Коля обнял ее, попытался угомонить:
— Успокойся, ба, ну, успокойся.
— Вот и ты становишься таким же! Пустота у тебя в глазах! Пустота! — Она вырвалась, тряхнула какие-то вещи, из них вывалилась на пол мамина шкатулка. — Вот она, главная зараза. В огонь! — подхватила шкатулку, проворно увернулась от внука и бросила ее в печку.
Потом ей стало плохо. Коля уложил ее. Шкатулку кочергой из печки выкинул. Она изрядно обгорела, но была, в общем, целой. Коля зачерпнул воды из ведра, плеснул на шкатулку немного, а остальное понес бабушке. Дал ей напиться, присел рядышком и спросил:
— Ну, чего ты? Разве этим поможешь? Бабушка только вздохнула в ответ.

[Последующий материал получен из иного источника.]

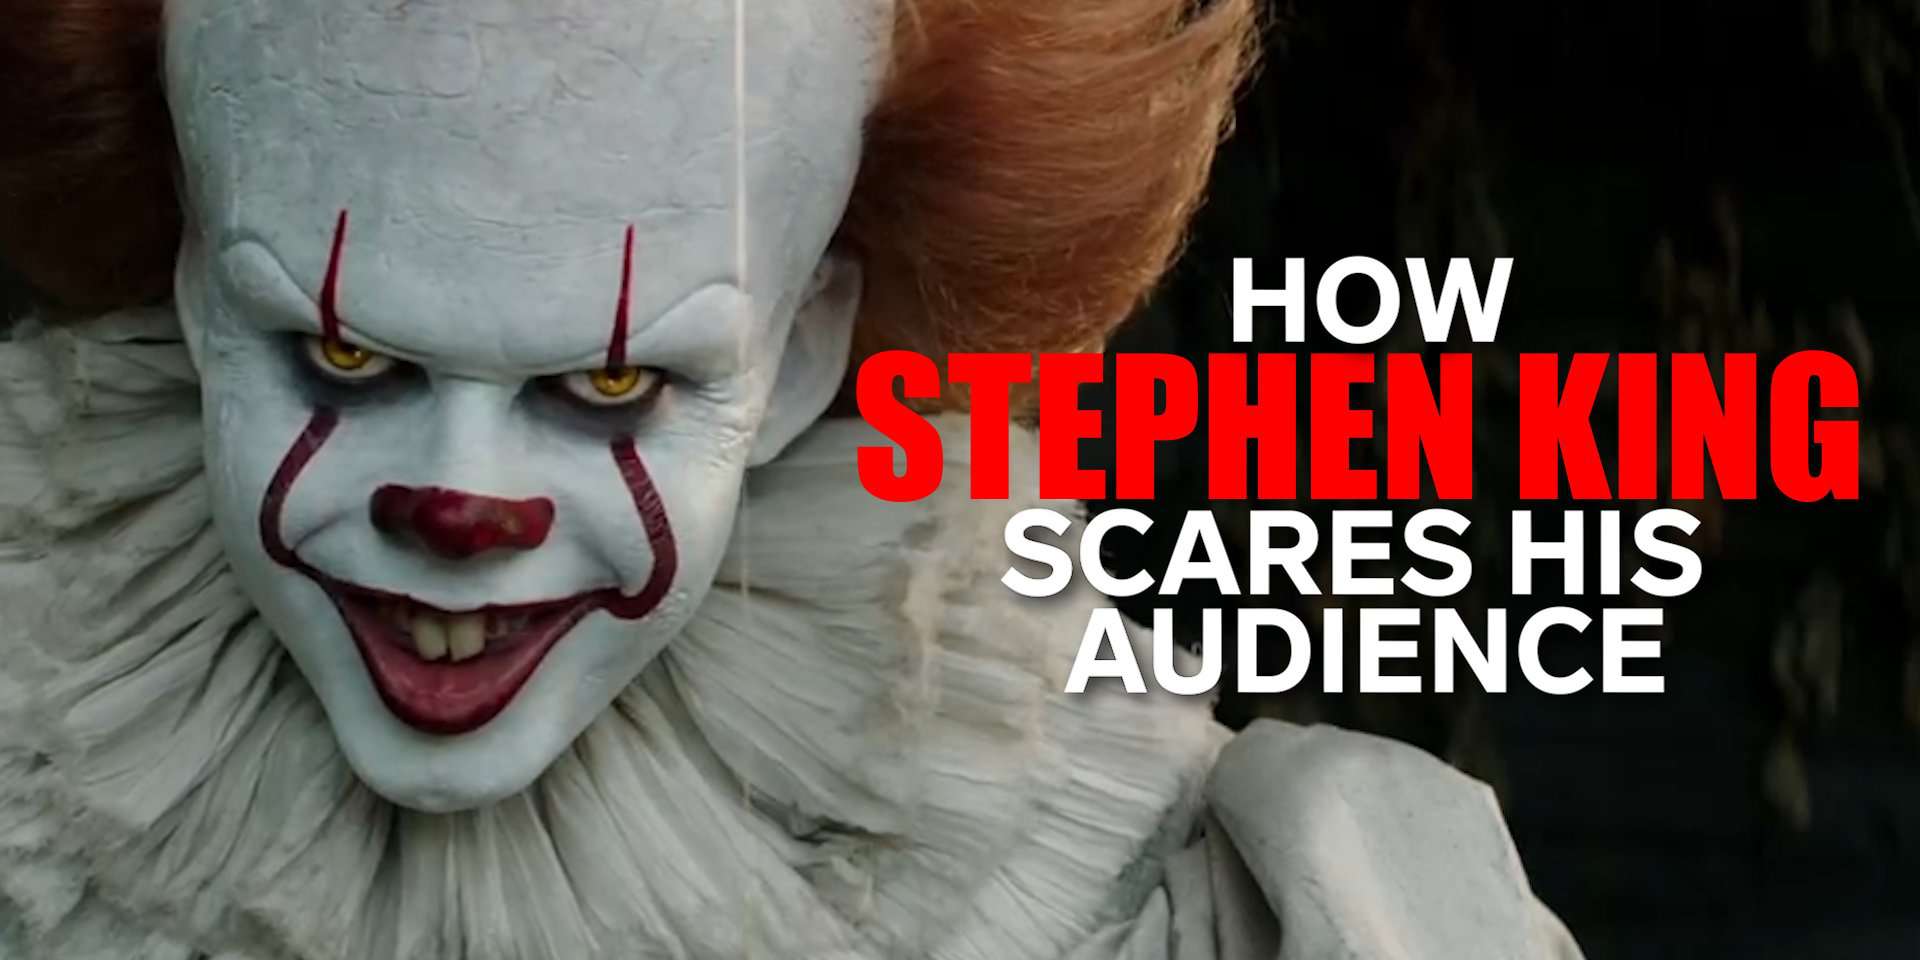 Taboola Ad Example 39897 - How Stephen King Scares His Audience

Когда бабушка уснула, Коля поднял шкатулку и тряхнул ее над столом. Из прогоревшего бока вывалилось нехитрое мамино богатство: сломанная брошка, пара серебряных колечек, старые патроны от губной номады и перетянутая резиночкой обгоревшая пачка писем. Коля взял эту пачку, снял резиночку, развернул первый лист. Все это он делал медленно и неуверенно, потому что и в самом деле не был уверен, хорошо ли он поступает. Листок наполовину обгорел, так что каждая строчка обрывалась на середине, но начало было отчетливо видно: «Машенька, милая…» и в конце, на обороте: «Целую тебя крепко и сынулю моего
Прочитав все то, что осталось от писем, Коля аккуратно сложил их снова, перетянул резиночкой и спрятал у себя на груди. А пепел сгреб в шкатулку и бросил ее в огонь. Она вспыхнула синеватым пламенем…

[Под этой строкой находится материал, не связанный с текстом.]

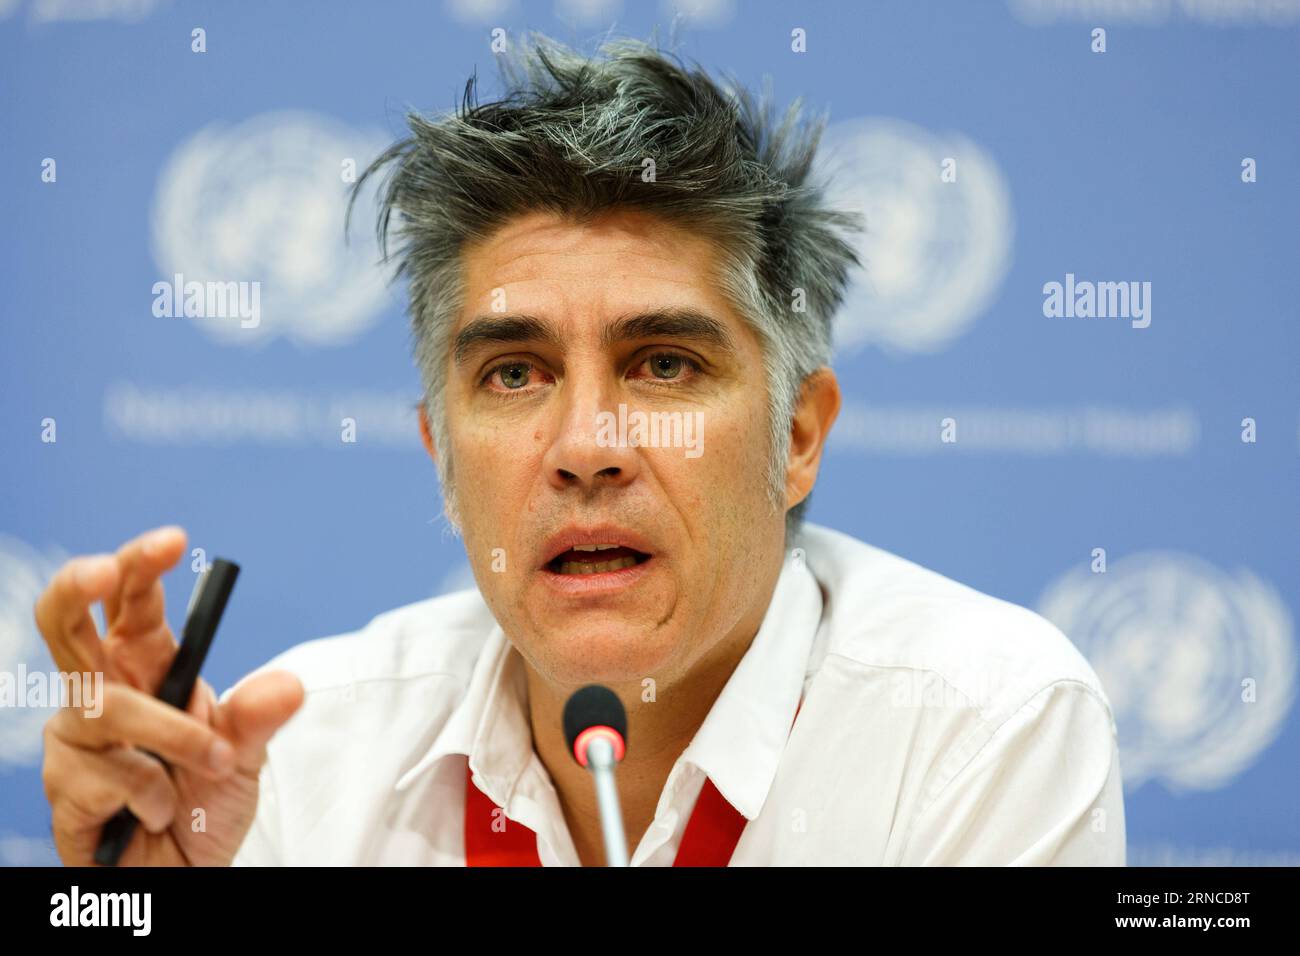 (160405) -- NEW YORK, April 5, 2016 -- Alejandro Aravena, Chilean architect and winner of the Pritzker Architecture Prize for 2016, briefs journalists on the link between architecture and sustainable development, at the United Nations headquarters in New York, April 5, 2016. The Sustainable Development Goals Fund (SDGF) and Pritzker Architecture Prize laureate Alejandro Aravena draw on the role of architecture to improve livelihoods and achieve Sustainable Development Goals (SDG). ) UN-NEW YORK-ALEJANDRO ARAVENA-PRESS CONFERENCE LixMuzi PUBLICATIONxNOTxINxCHN   New York April 5 2016 Alejandro Stock Photo

Он разворошил кочергой прогоревший жар и, убедившись, что пламени нет, закрыл заслонку и задвинул вьюшку.
Громко скрипя снегом, кто-то прошел мимо посветлевших окон, гулко хлопнула дверь. Потом было’ слышно, как в сенях топтались, стряхивая снег, потом шаги по коридору и голос:
— Ах, хорошо! Тепло, хорошо.
Дверь в класс открылась, и вошла учительница. Она ничуть не удивилась, увидев Колю.
— Это ты так хорошо натопил? Молодец. А чего сидишь в темноте? — Она зажгла свет.

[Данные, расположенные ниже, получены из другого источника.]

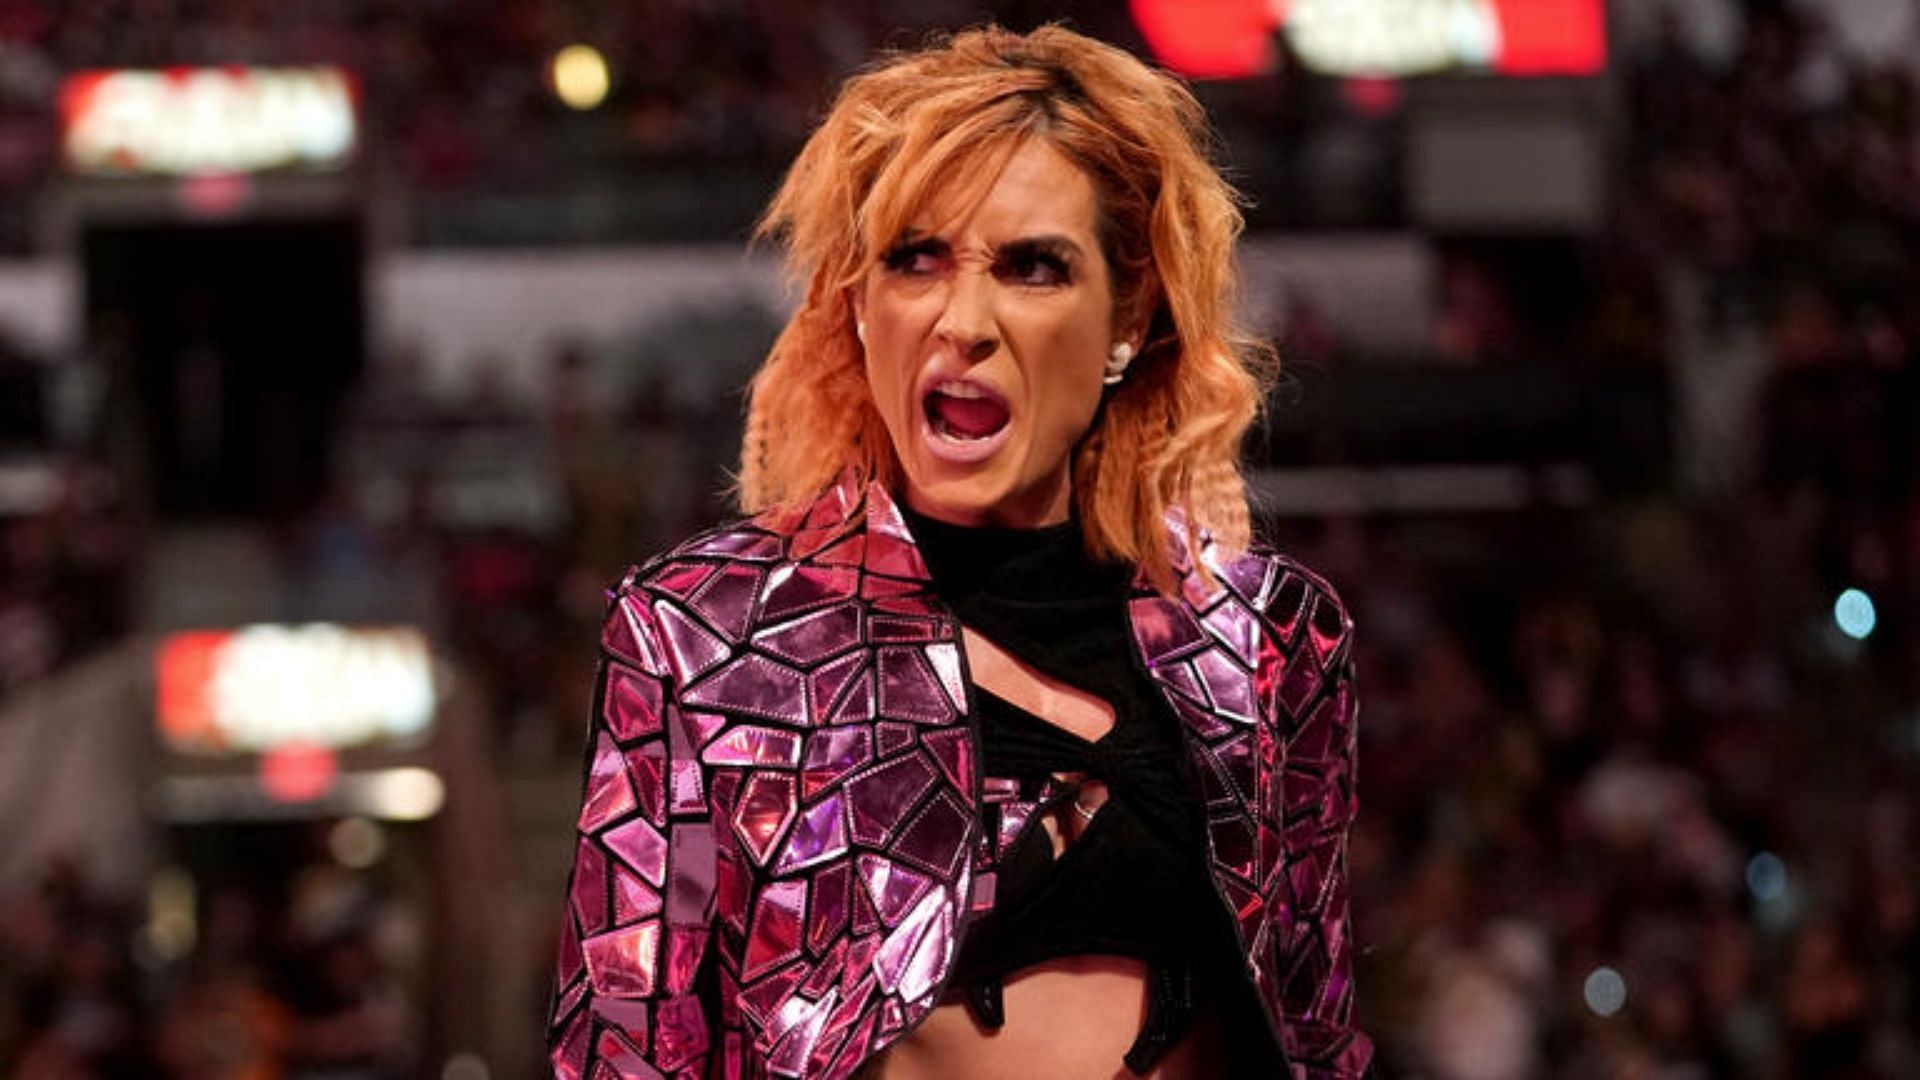 Becky Lynch is one of the biggest stars in WWE.

— Доброе утро! — сказал Коля.
— Доброе утро! Доброе. А мама что, нездорова?
— Приболела немного.
— Ну, передавай ей привет. — И она ушла, повторяя: — Ах, хорошо! Тепло; хорошо!
Коля взял рукавицы и шапку, лежавшие на столе, и направился к двери. Задержался, чтобы выключить свет, поднял руку к выключателю, обернулся и увидел класс таким, каким он был, когда приезжала призывная комиссия…
Парты сдвинуты к стенке, одна на другой, на доске висит таблица с буквами и подковками, по которой проверяют зрение, у двери весы и рейка для измерения роста. Военкоматская девица, со скукой глядя на голых парней, заполняла карточки. Потом врач со своим молоточком, дальше проверка слуха. Сухонький старичок, врач «ухо-горло-нос» что-то тихо шептал, а потом орал призывнику:
— Что, что я сказал? Повтори. Громче повтори. Правильно.
Молодая сестричка проверяла зрение и старалась не смотреть на голых призывников. За большим столом — начальство: офицер из военкомата, сам районный военком, главный врач больницы и инструктор райкома комсомола.
Когда Коля дошел до этого стола, он вытянул руки по воображаемым швам и доложил:
— Призывник Бурлаков. Прибыл для прохождения медицинской комиссии.
— Вольно, — сказал военком.
— Вот каких богатырей вам отдаем. — Врач был горд, заглянул в свои бумажки. — Ни в больнице, ни в поликлинике его ни разу не видели.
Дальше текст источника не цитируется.